The surrounding suburbs at the time of its opening were predominantly working-class slums, with many industrial facilities in the area. The tavern was at a crossroads of Ponsonby, Herne Bay, Freemans Bay, and what was the route down to the original waterfront near Victoria Park and the rest of the city. Three Lamps was also the connecting point for the Ponsonby and Herne Bay tramlines, meaning the Gluepot became a pivotal part of the area's cultural scene. Regular clientele of the Gluepot over the years included New Zealand's first Labour Party Prime Minister, Michael Joseph Savage, who moved to 63 O'Neill St nearby in 1908 while working as a brewery worker.

=== Live music ===
In 1967, following the removal of the "six o'clock swill" liquor trading laws, the Gluepot began hosting live music and entertainment to draw in patrons. From then until the mid-1970s, the style of music at The Gluepot catered predominantly for a Māori and Pacific Island audience, as Pākehā owners had moved further out of the city into the suburbs, and Māori alongside recently arrived Pacific Islanders had moved into the area in the 1940s and 1950s. Blind Māori group The Radars had a residency at the tavern that lasted seven years, coming to an end in 1976. Notable entertainers to have appeared at The Gluepot during this time included Billy T. James and Prince Tui Teka.

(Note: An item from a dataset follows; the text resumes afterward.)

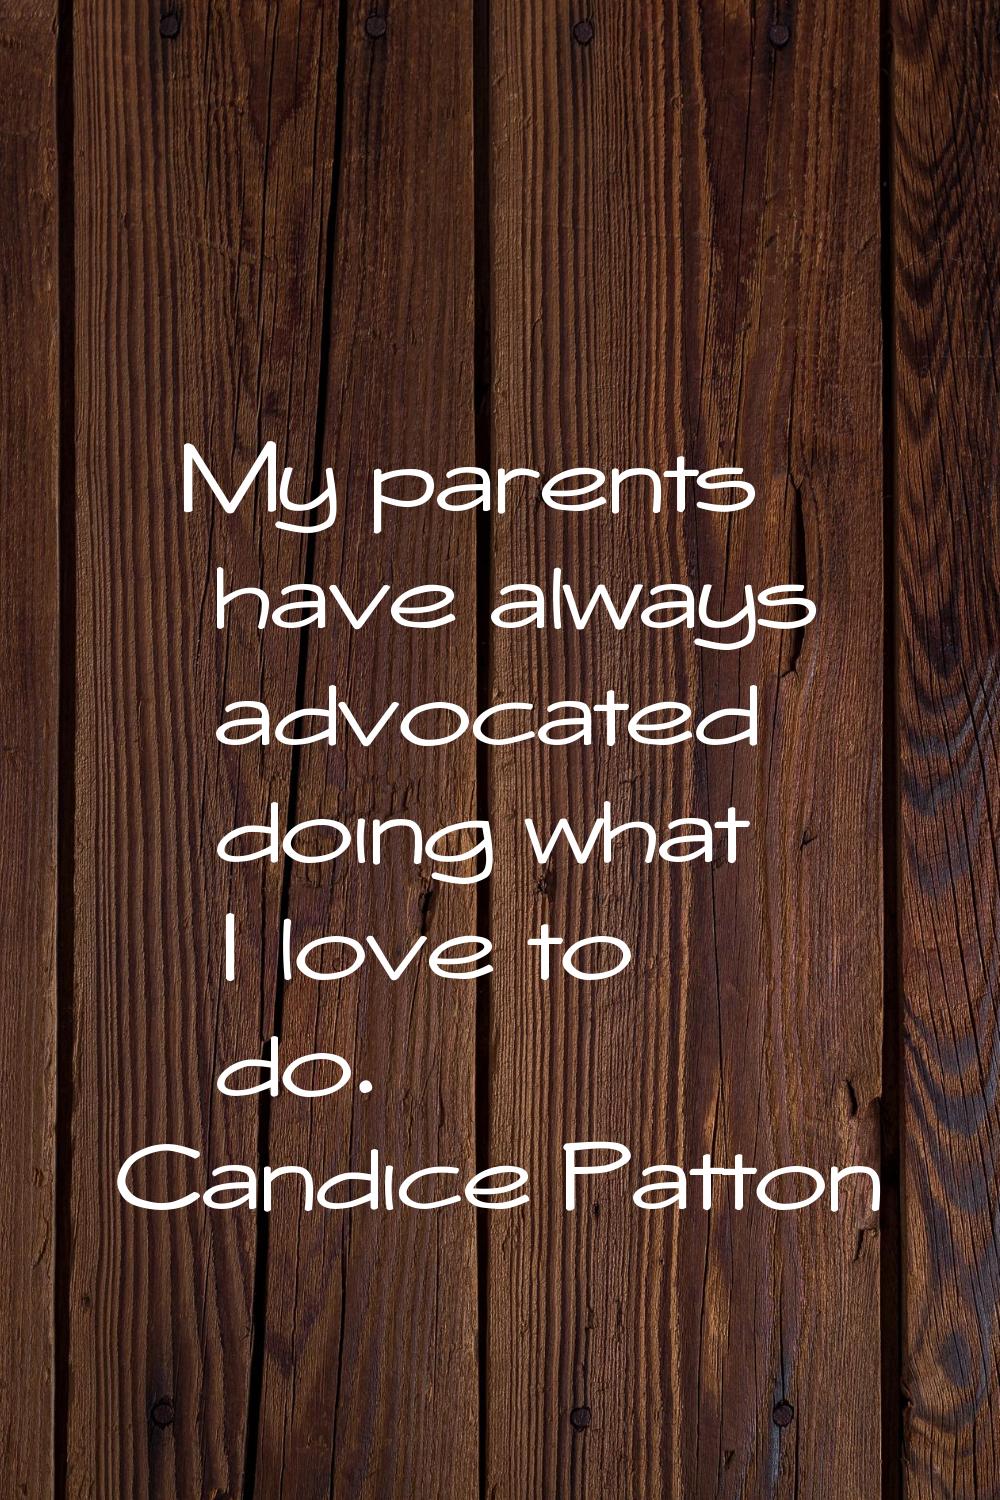 My parents have always advocated doing what I love to do.
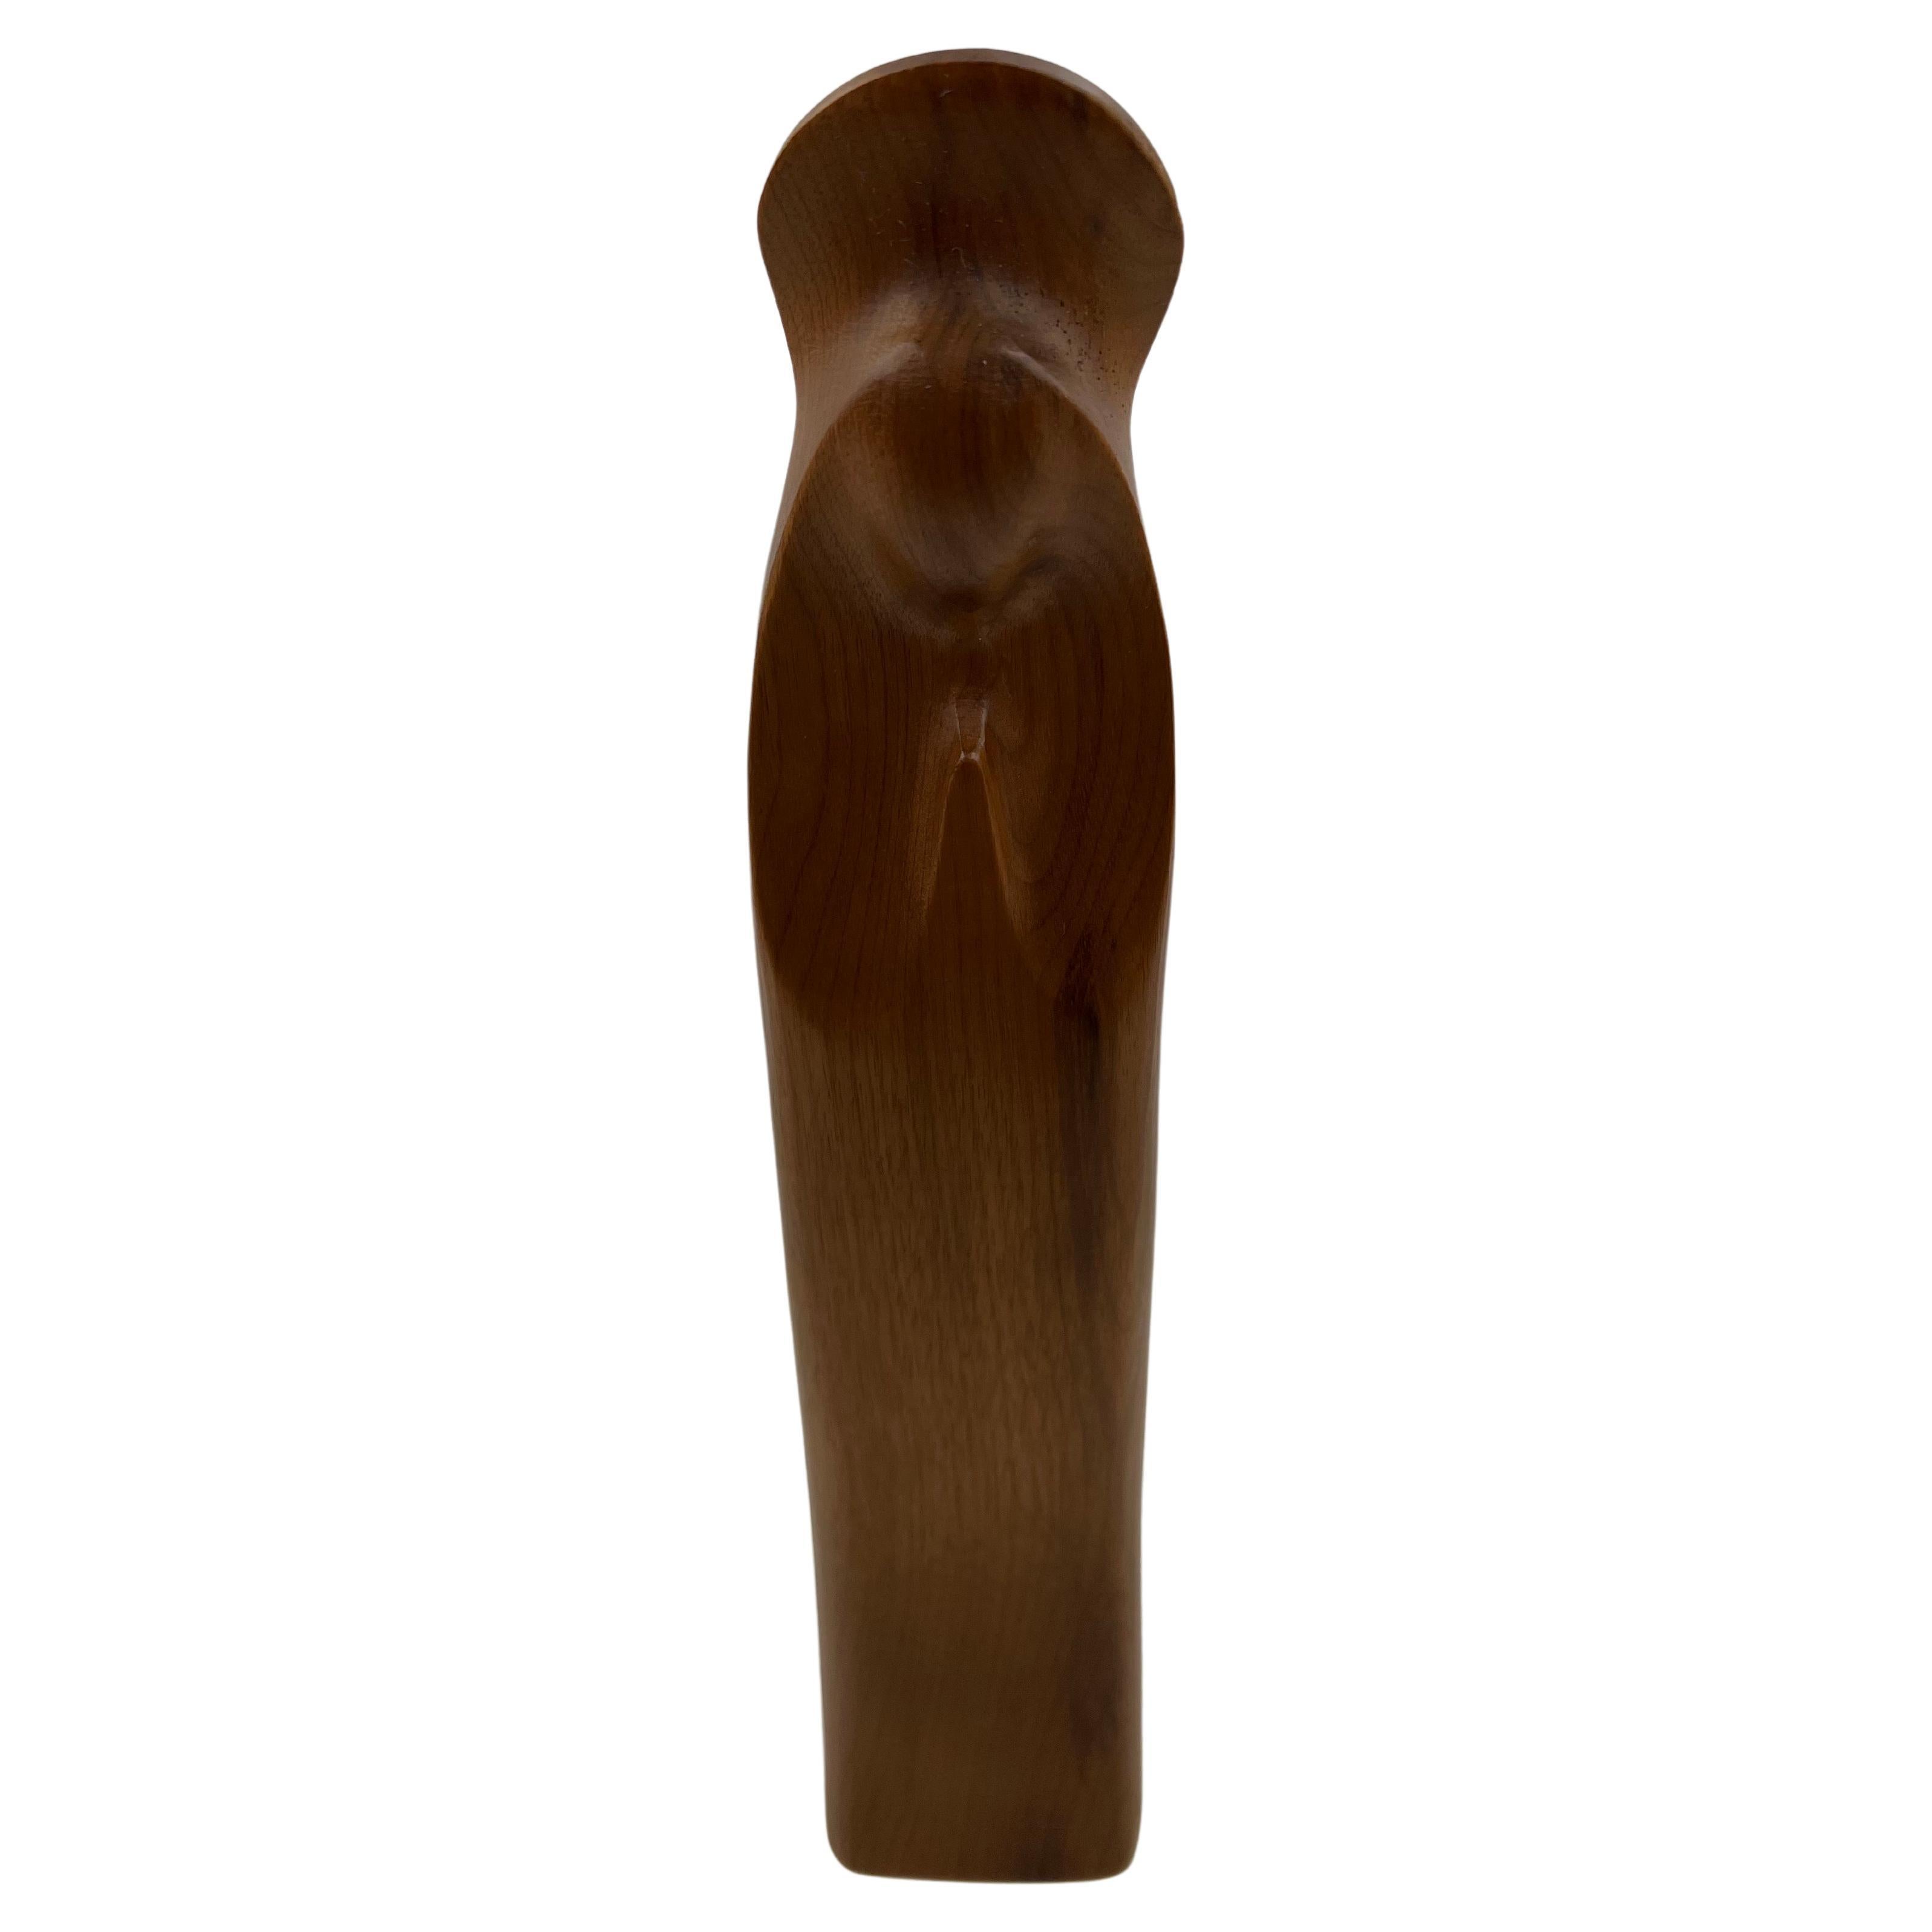 A beautiful modernist hand-carved solid walnut Madona virgin sculpture, circa 1960's great condition.

From 1977, the style of the bands appearing at The Gluepot changed, with more Pākehā bands appearing and an emphasis on louder rock music. Hello Sailor was the first to play after their manager approached the Gluepot's booking agent, with their initial success prompting the venue to change tactics. A number of prominent and pivotal New Zealand bands appeared at The Gluepot, including Citizen Band, Th' Dudes, Mi-Sex, Toy Love, The Screaming Meemees, The Chills, The Verlaines, Straitjacket Fits, The Clean, Snapper, The Skeptics, The Bats and Shihad. The official capacity was around 600, though The Chills reputedly drew 1200 to one of their gigs. The venue also attracted overseas acts whose style suited small to medium-sized venues, among them John Cale, Hunters and Collectors, Nico, Paul Kelly, Warren Zevon, Lucinda Williams, John Prine, and Toots and The Maytals.

==== Live albums ====
Two tracks from Zevon's 1992 performance at the venue was later released as part of his Learning to Flinch live album.

A September 1980 recording of a Toy Love performance at the venue was released in 2012, titled Live At The Gluepot.

== Legacy ==
Owing to its importance in the history of the New Zealand live music scene and the cultural life of Auckland, the building gained a Category II listing from Heritage New Zealand in 1994.